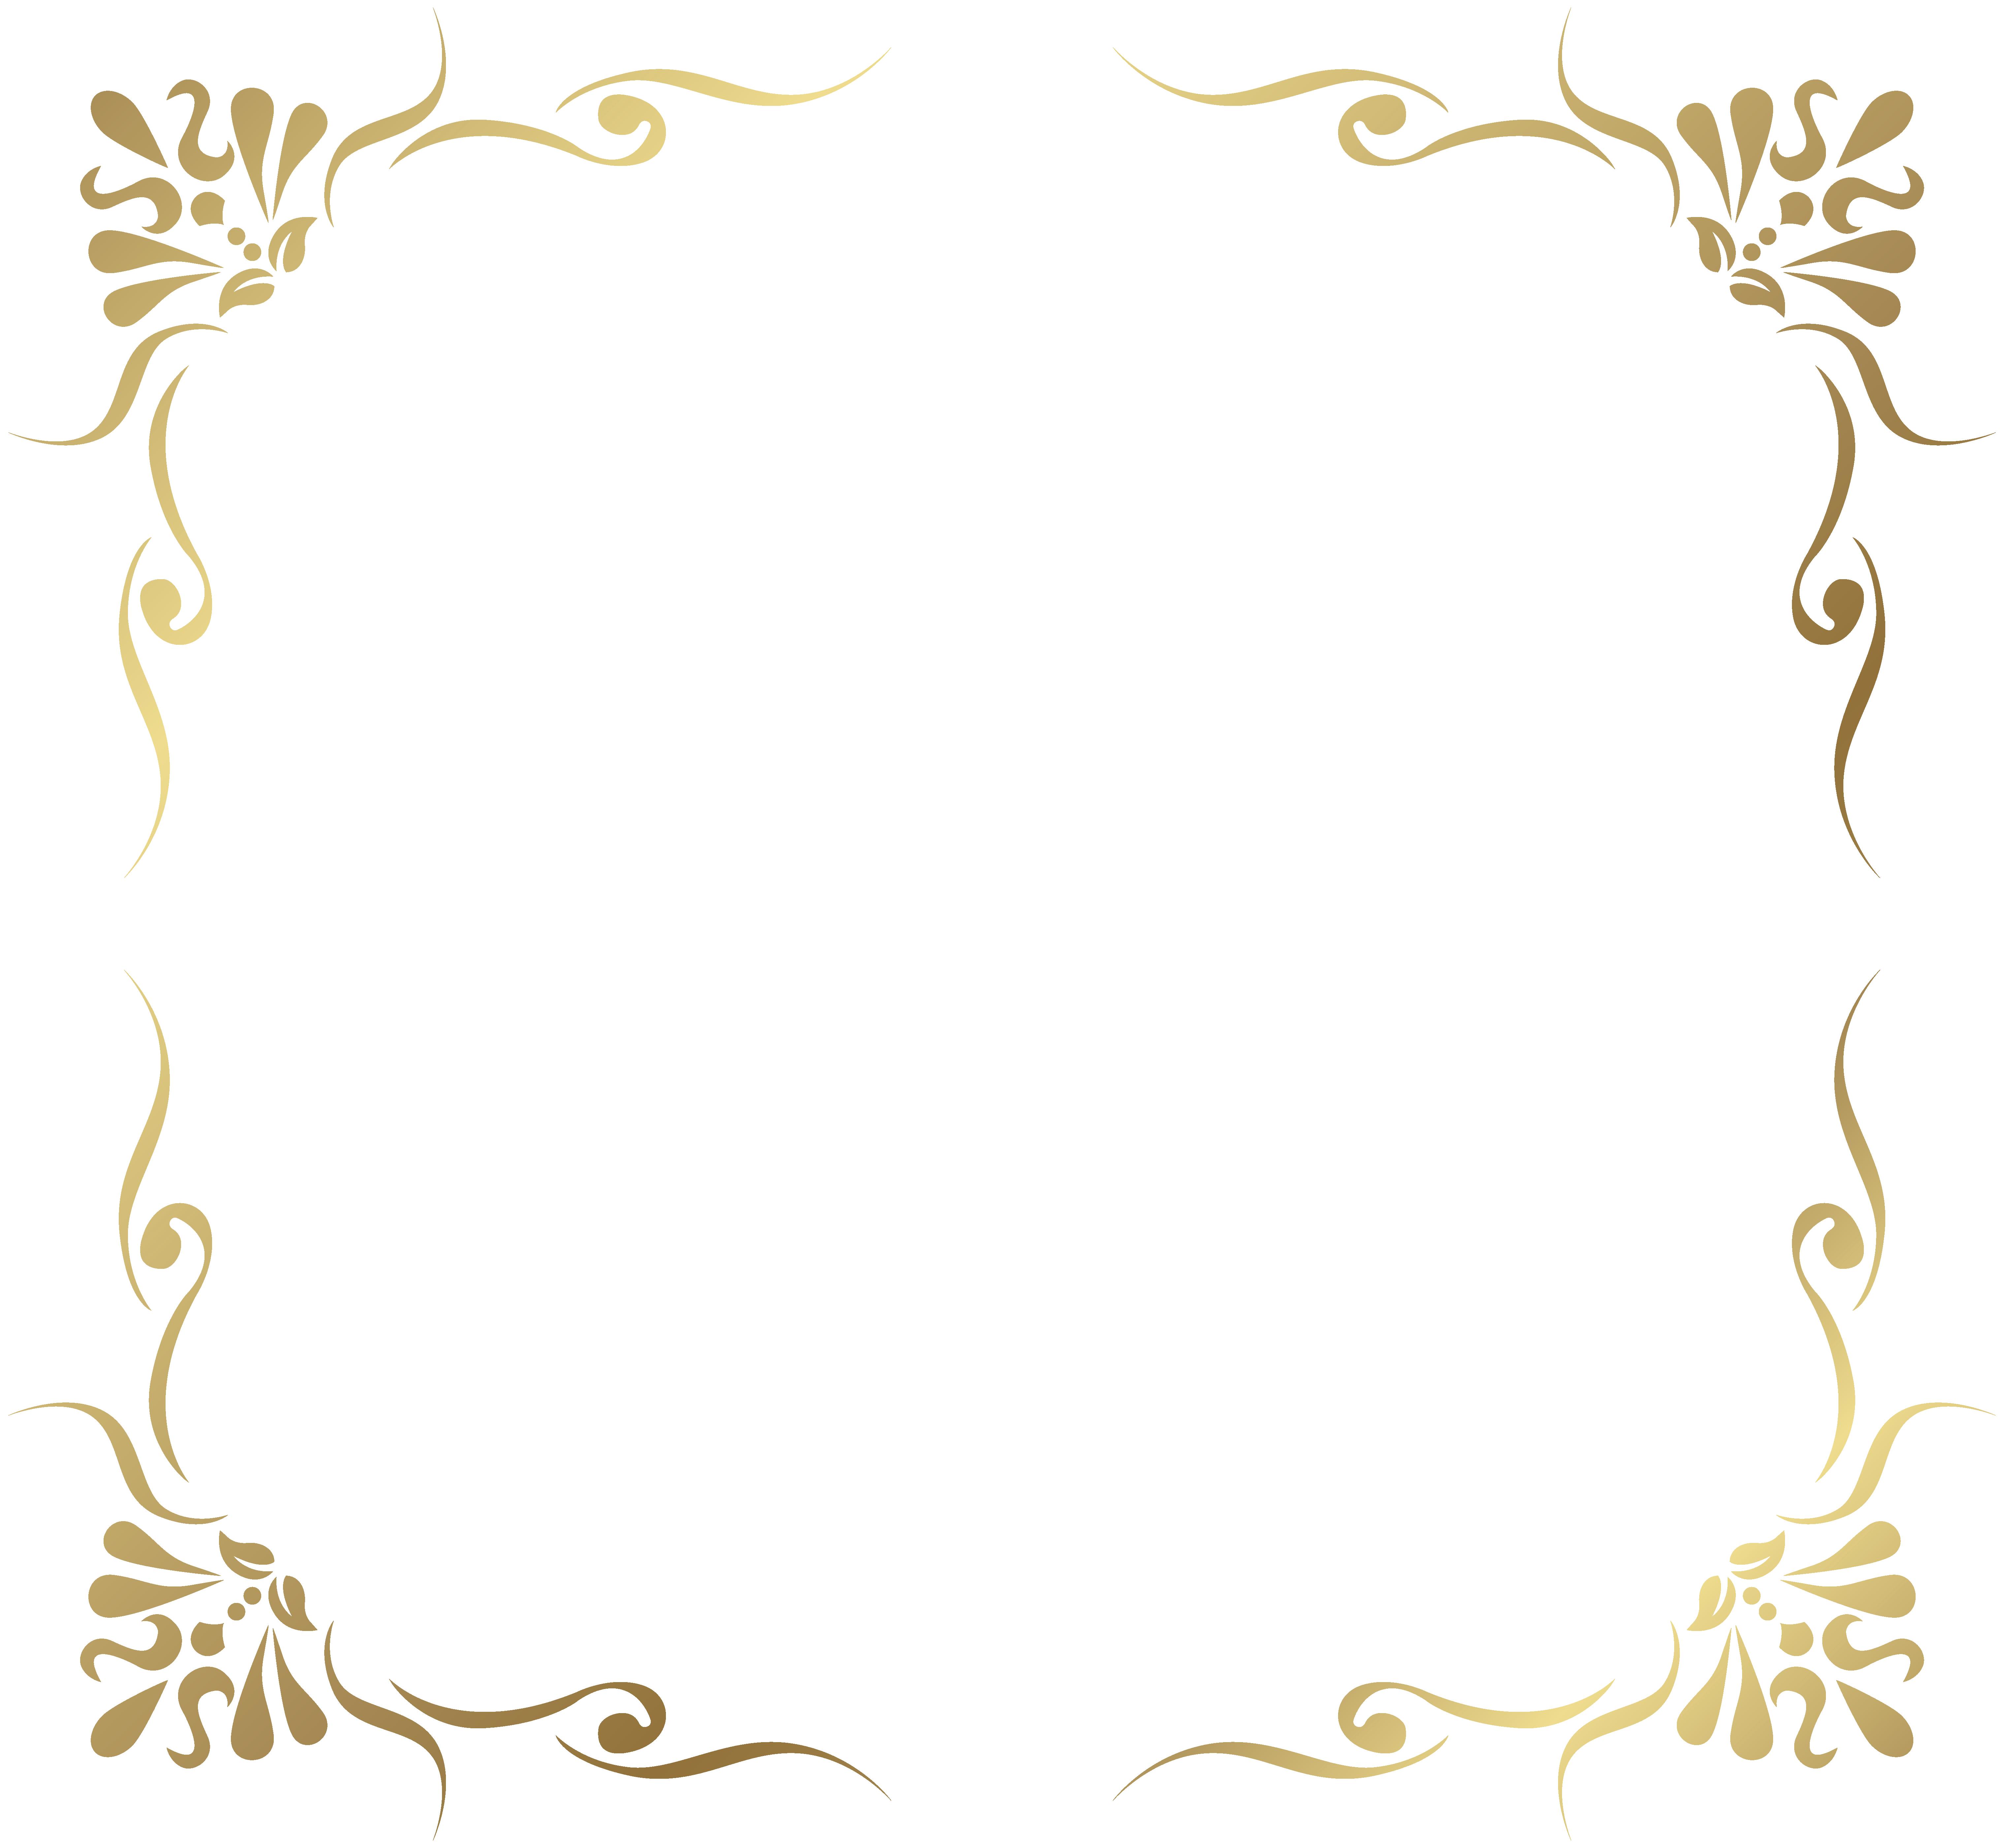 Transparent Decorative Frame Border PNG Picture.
#####
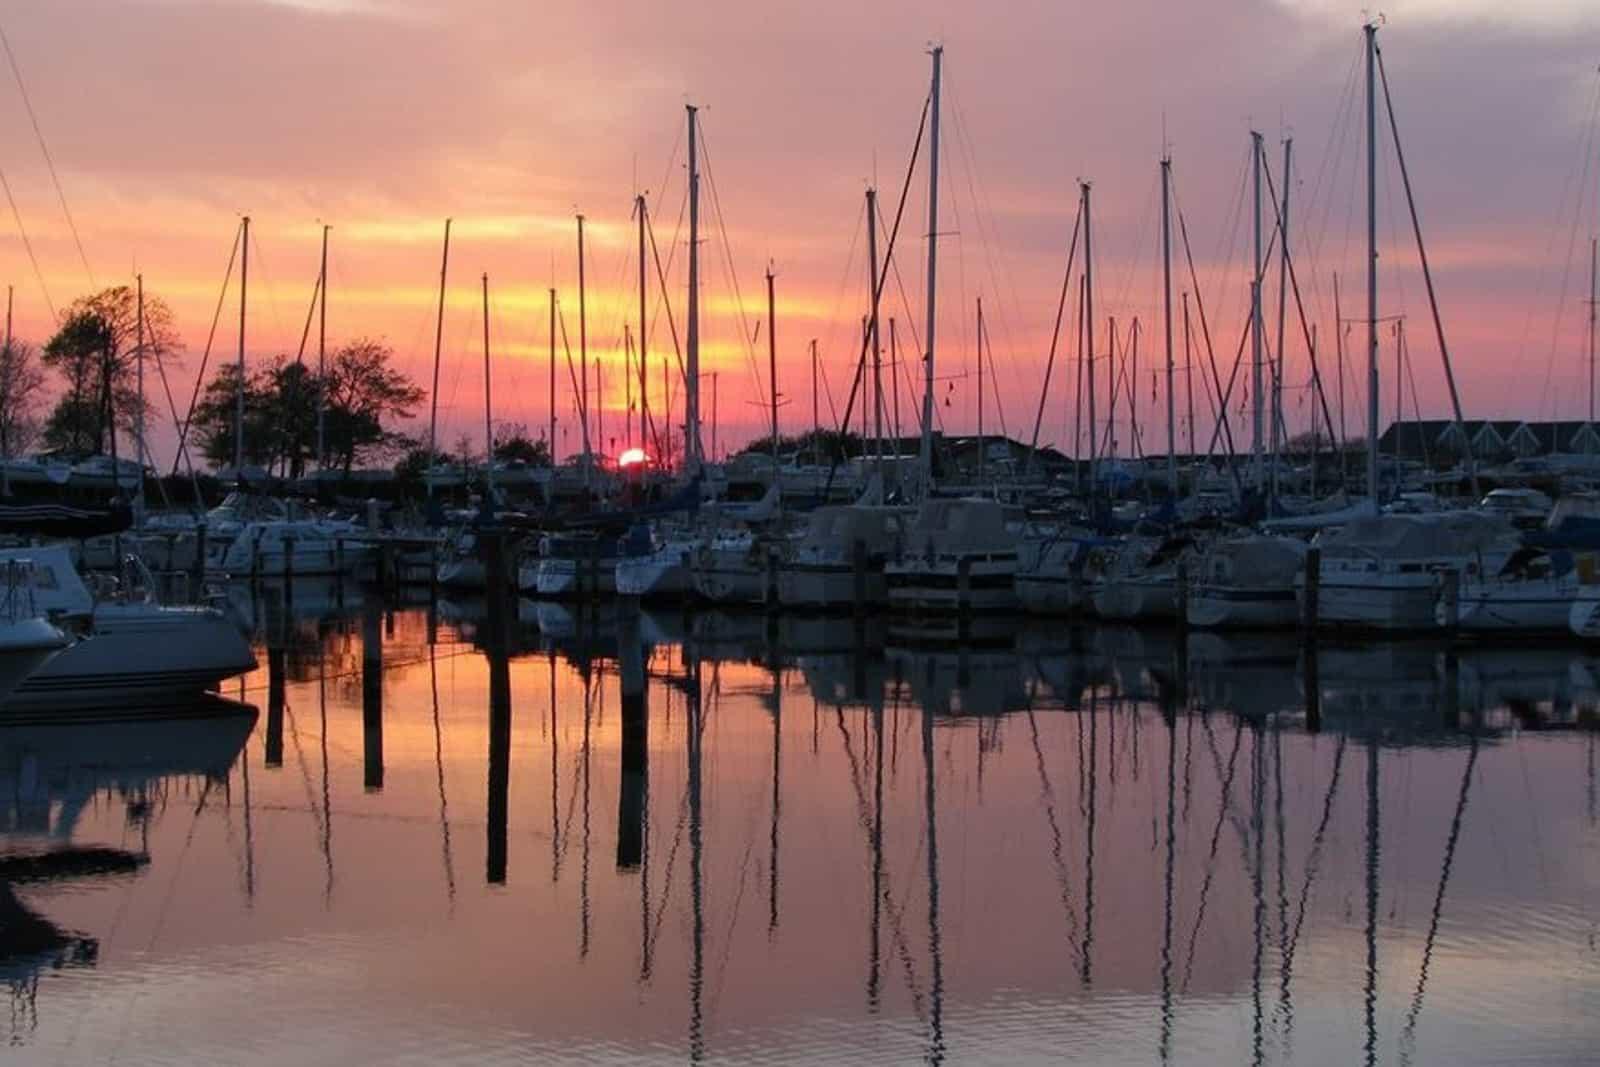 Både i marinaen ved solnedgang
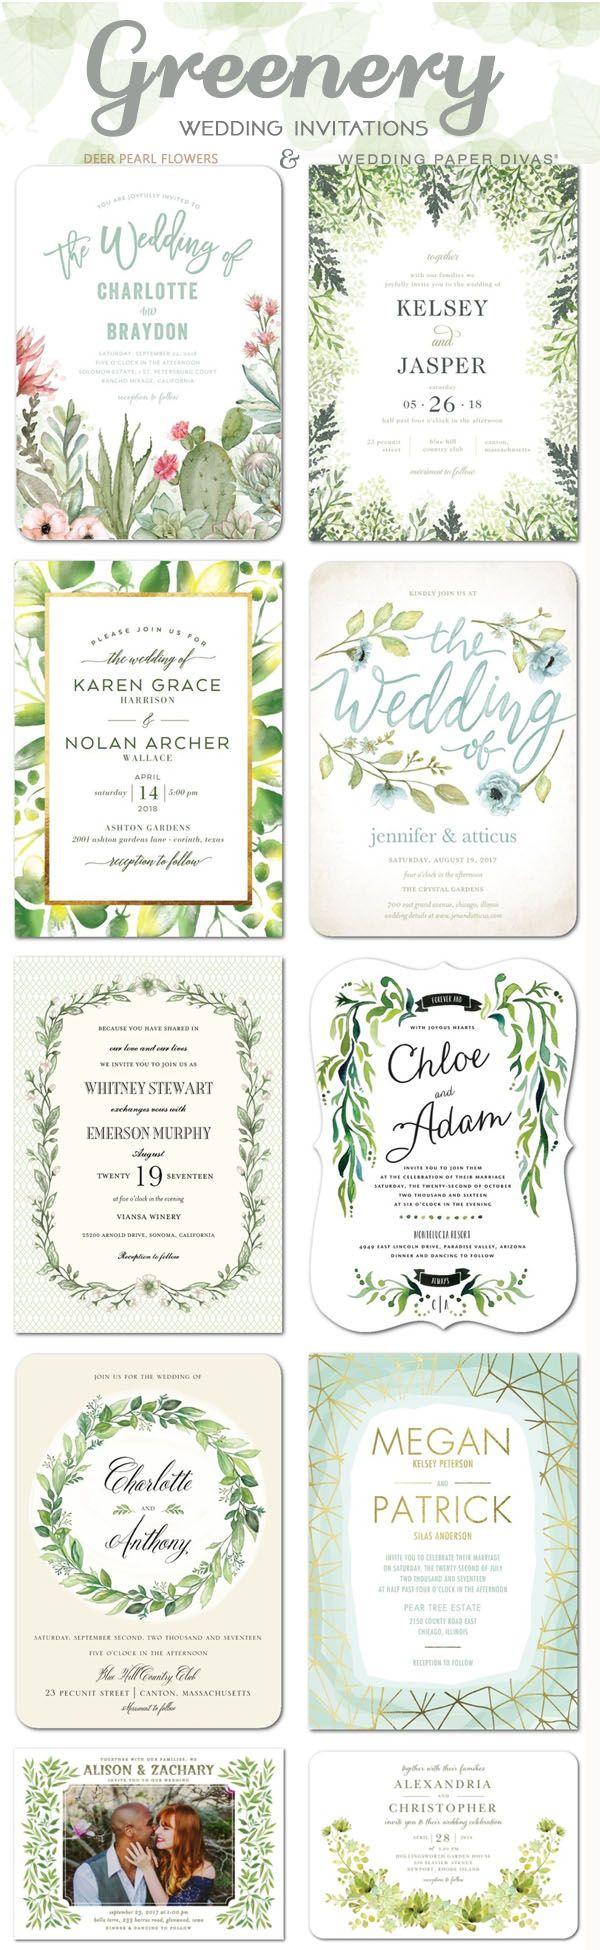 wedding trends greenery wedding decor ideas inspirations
#####
§ **TASK OBJECTIVE**:
Both the line above containing "Både i marinaen ved solnedgang" and the line containing "wedding trends greenery" belong in the copy, along with every line between them; print these exactly and omit the pictures.

§ **WRITTEN REPLY**:
 Både i marinaen ved solnedgang
 wedding trends greenery wedding decor ideas inspirations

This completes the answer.